Up to and including the final line, retype each line of the records below, starting with the one that contains "Natalie Dormer As Anne Boleyn Natalie".

------ SOURCE RECORDS ------

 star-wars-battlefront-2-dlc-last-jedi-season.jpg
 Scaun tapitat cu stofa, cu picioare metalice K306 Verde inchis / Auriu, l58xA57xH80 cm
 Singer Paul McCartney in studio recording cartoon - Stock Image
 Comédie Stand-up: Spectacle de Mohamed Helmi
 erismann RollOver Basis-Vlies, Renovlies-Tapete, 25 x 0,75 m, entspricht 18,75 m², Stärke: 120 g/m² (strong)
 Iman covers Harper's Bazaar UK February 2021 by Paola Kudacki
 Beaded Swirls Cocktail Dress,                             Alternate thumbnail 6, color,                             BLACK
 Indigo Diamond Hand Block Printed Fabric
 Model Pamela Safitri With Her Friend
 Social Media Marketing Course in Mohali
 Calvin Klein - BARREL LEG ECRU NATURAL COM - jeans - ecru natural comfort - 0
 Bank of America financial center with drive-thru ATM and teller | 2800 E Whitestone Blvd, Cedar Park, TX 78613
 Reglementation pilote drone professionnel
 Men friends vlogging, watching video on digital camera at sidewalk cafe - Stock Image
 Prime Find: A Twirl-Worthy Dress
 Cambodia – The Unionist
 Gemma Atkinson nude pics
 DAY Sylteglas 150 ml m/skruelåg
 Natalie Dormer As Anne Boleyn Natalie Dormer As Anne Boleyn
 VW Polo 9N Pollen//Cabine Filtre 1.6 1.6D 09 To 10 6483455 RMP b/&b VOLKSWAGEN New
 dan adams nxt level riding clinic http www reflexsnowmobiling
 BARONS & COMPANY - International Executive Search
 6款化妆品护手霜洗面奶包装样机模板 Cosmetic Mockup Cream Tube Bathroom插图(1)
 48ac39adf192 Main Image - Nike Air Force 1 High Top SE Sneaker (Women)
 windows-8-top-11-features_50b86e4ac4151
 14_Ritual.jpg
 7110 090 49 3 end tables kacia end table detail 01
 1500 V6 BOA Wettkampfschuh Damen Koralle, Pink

------

__RESPONSE TO THIS EXERCISE__.
 Natalie Dormer As Anne Boleyn Natalie Dormer As Anne Boleyn
 VW Polo 9N Pollen//Cabine Filtre 1.6 1.6D 09 To 10 6483455 RMP b/&b VOLKSWAGEN New
 dan adams nxt level riding clinic http www reflexsnowmobiling
 BARONS & COMPANY - International Executive Search
 6款化妆品护手霜洗面奶包装样机模板 Cosmetic Mockup Cream Tube Bathroom插图(1)
 48ac39adf192 Main Image - Nike Air Force 1 High Top SE Sneaker (Women)
 windows-8-top-11-features_50b86e4ac4151
 14_Ritual.jpg
 7110 090 49 3 end tables kacia end table detail 01
 1500 V6 BOA Wettkampfschuh Damen Koralle, Pink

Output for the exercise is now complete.